A single compromised package in this ecosystem could affect millions of downstream applications instantly. Zero-Inheritance Architecture—images built entirely from source without inheriting anything from upstream distributions—eliminates this attack vector entirely by removing the dependency on pre-built packages from registries.
Example: colors.js (npm package)
In 2021, the maintainer of the popular colors.js package added malicious code that printed messages like "AAAAAAAA" and obscured text. The maintenance account had been compromised, but the package was already widely used. Because of the traditional "trust by default" model, the malicious code reached thousands of projects before being detected and remediated.
Four Verification Layers
CleanStart verifies dependencies through four independent verification layers that work together to catch different types of attacks and compromises. Source code integrity verification catches trojaned binaries and build environment compromises. Maintainer identity verification catches account compromises and deliberate malicious handoffs. Behavioral analysis catches hidden malicious code that source review misses. Runtime verification catches previously-verified packages that are compromised at deployment time.

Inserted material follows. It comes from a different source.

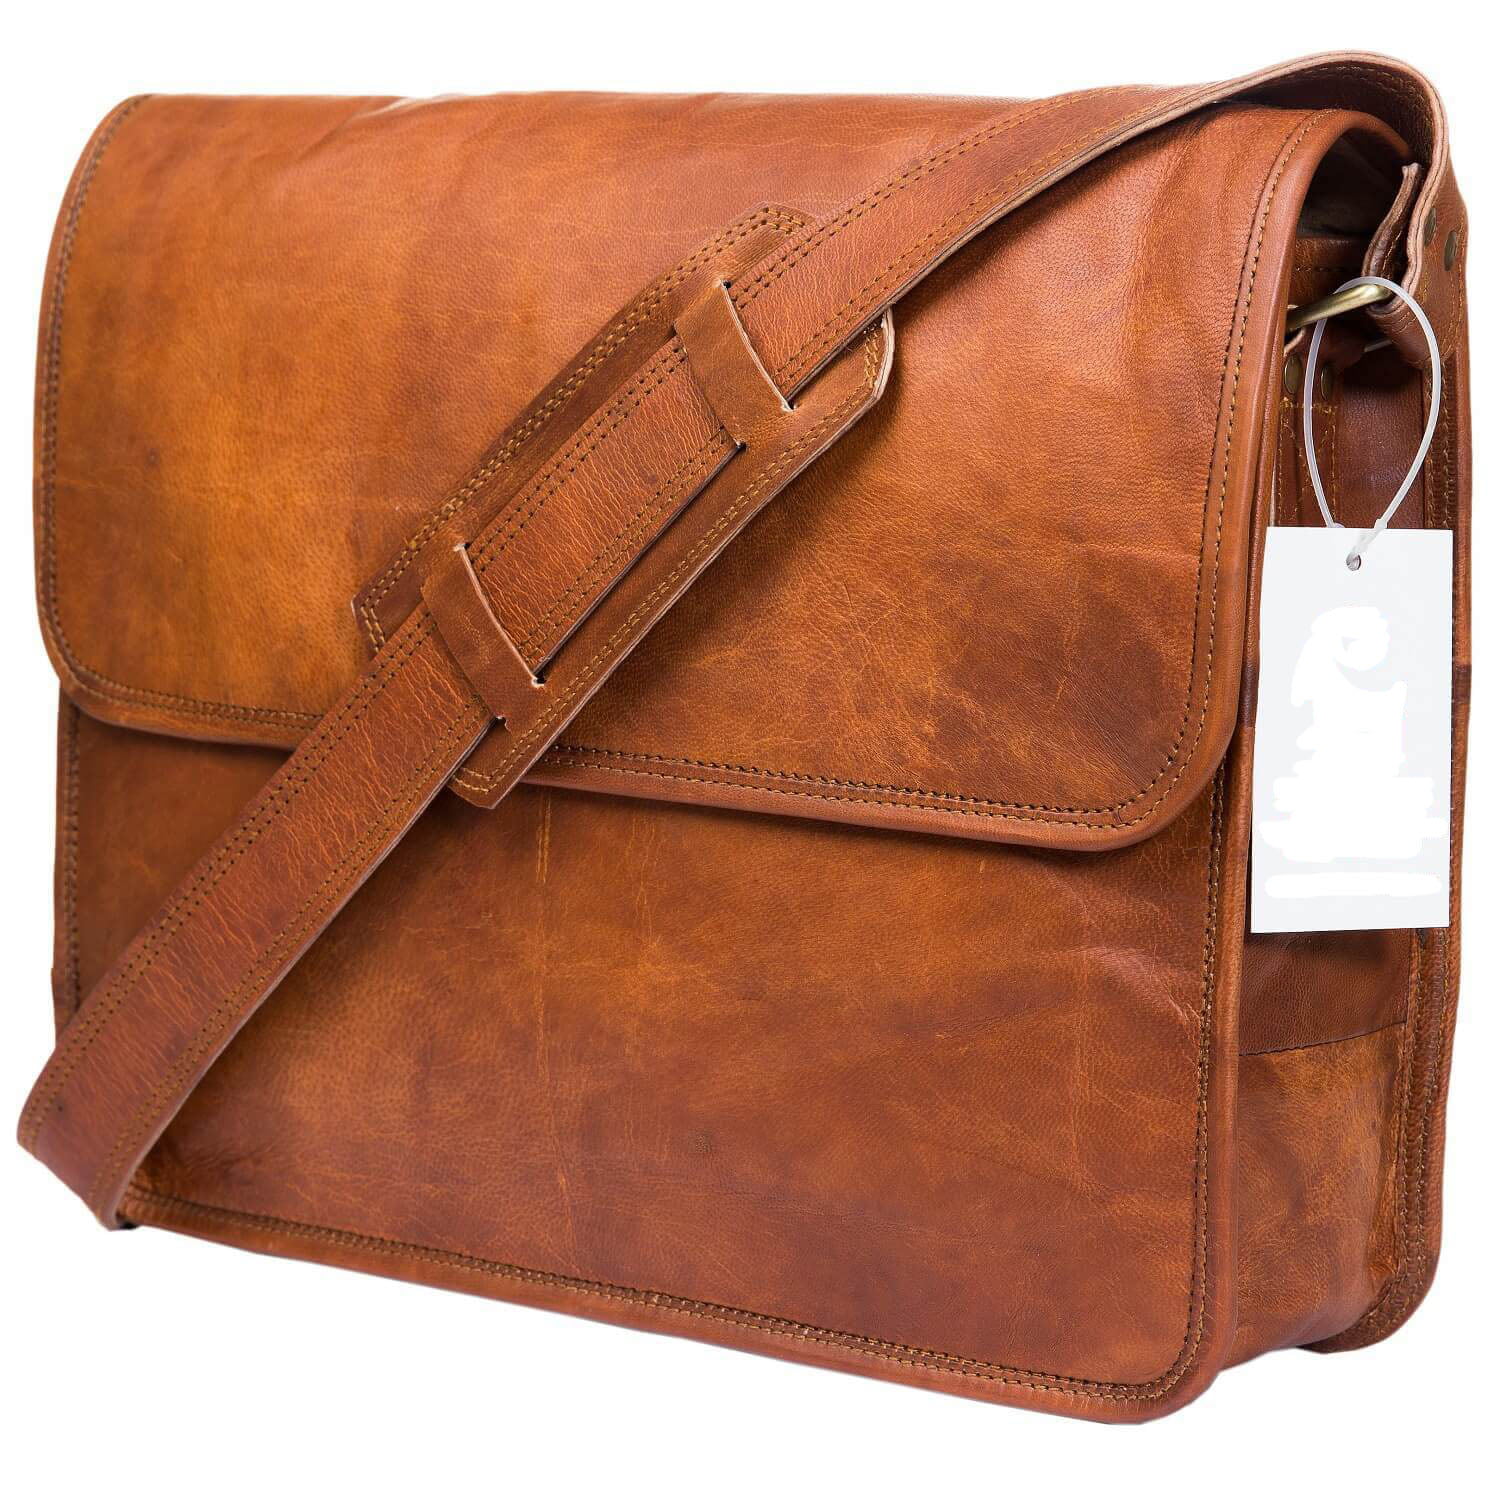 LV Leather bags for men office use for laptop unisex bag Messenger Shoulder Bags for Men's Office 16 inch 18 Liters Capacity (Dimension-L-16 X H

Layer 1: Source Code Integrity
Layer 1 establishes confidence that source code corresponds exactly to the published binary, catching trojaned binaries and build environment compromises. This verification operates through a rigorous three-step process. First, the source code is fetched from upstream repositories and verified through cryptographic means using git verify-commit to validate release tags. Second, the source code is built reproducibly using the official build process. Third, the output is verified by computing the cryptographic hash of the rebuilt binary and comparing it to the upstream published hash. If the hashes match perfectly, the source code is authentic and matches the published binary. If the hashes differ, one of three things has happened: the source code has been tampered with, the build environment differs in a meaningful way from the upstream environment, or the upstream binary was trojaned after publication. All of these scenarios represent critical security concerns that trigger an immediate alert and block the package from use.
The principle is simple but powerful: if you rebuild a package from its published source code and the resulting binary's hash doesn't match the upstream published hash, something is seriously wrong.

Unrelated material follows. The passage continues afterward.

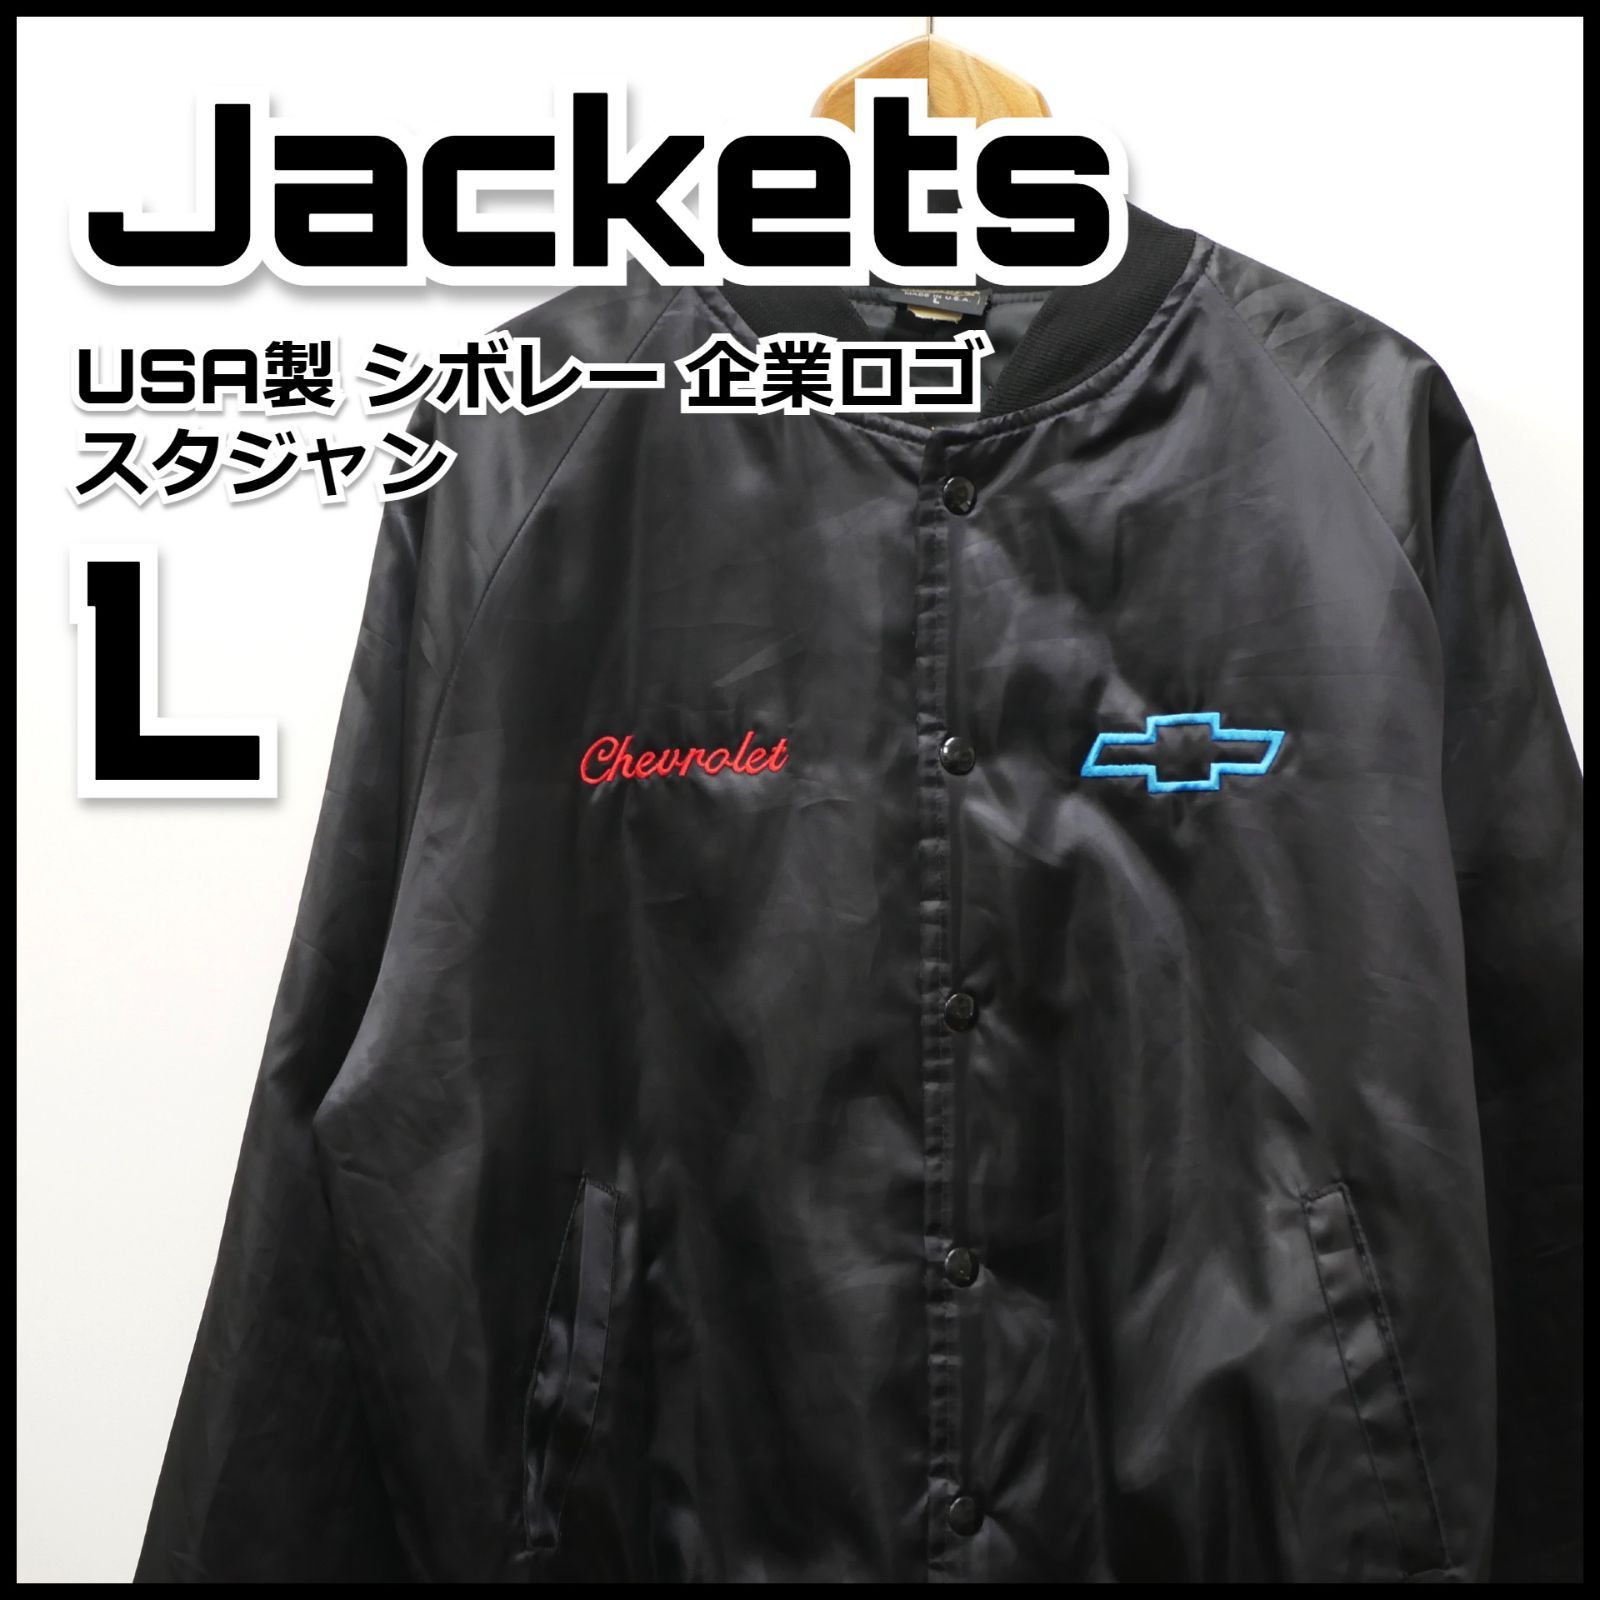 USA製 Jackets スタジャン シボレー 企業ロゴ 刺繍 L 古着 - 古服屋

Layer 2: Maintainer Identity
Layer 2 verifies that package ownership and control have not changed unexpectedly, catching account compromises and deliberate handoffs where new maintainers insert malicious code. This verification operates through multiple complementary signals including signature chain verification ensuring packages are signed by the expected maintainer's key, maintainer history analysis tracking whether maintenance has changed hands unexpectedly, code authorship analysis verifying that commits come from recognized developers, account security monitoring checking for unusual activity, and signing key verification checking that keys are verifiable through public key servers.

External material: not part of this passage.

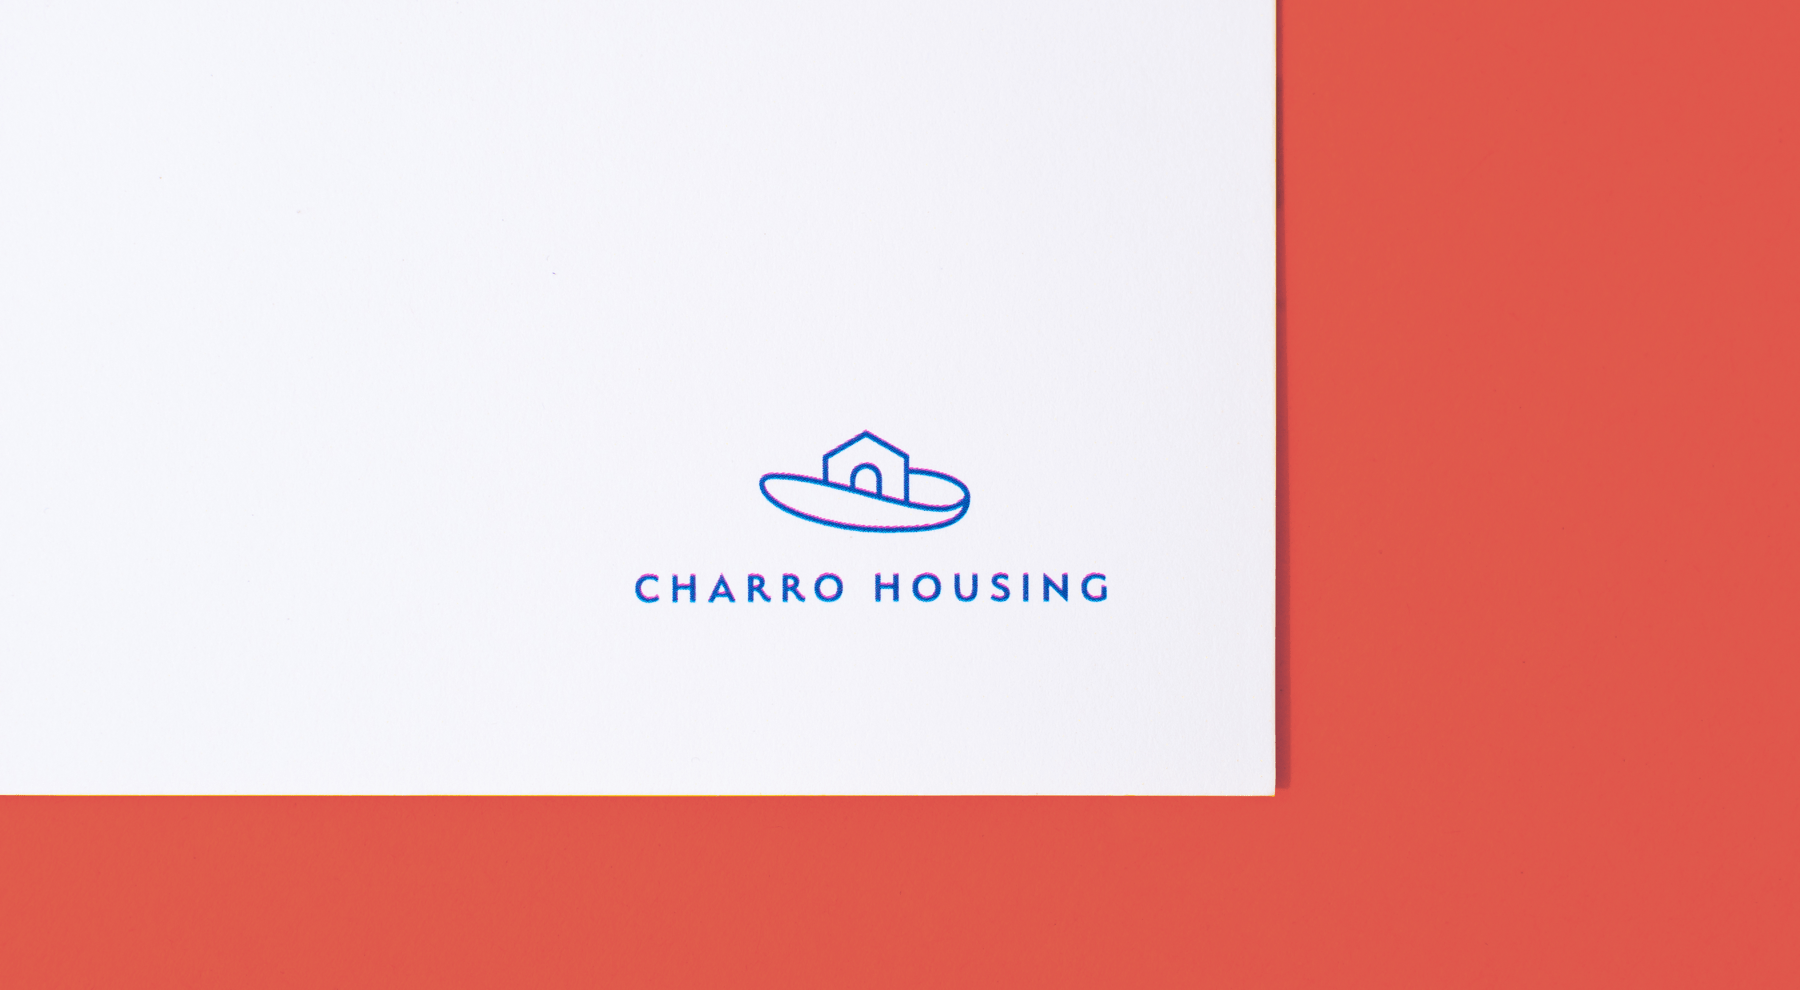 Charro Housing branding - logo detail

A historical example illustrates the importance of Layer 2 verification. In 2018, npm detected the "event-stream" compromise, where the original maintainer of the popular event-stream package transferred ownership to a new maintainer. That new maintainer then published a malicious version that attempted to steal cryptocurrency by targeting Bitcoin wallet libraries. Layer 2 verification catches exactly this scenario: it would detect the maintainer change, flag the package for additional scrutiny, and likely block the malicious version from use even before manual discovery of the malicious code.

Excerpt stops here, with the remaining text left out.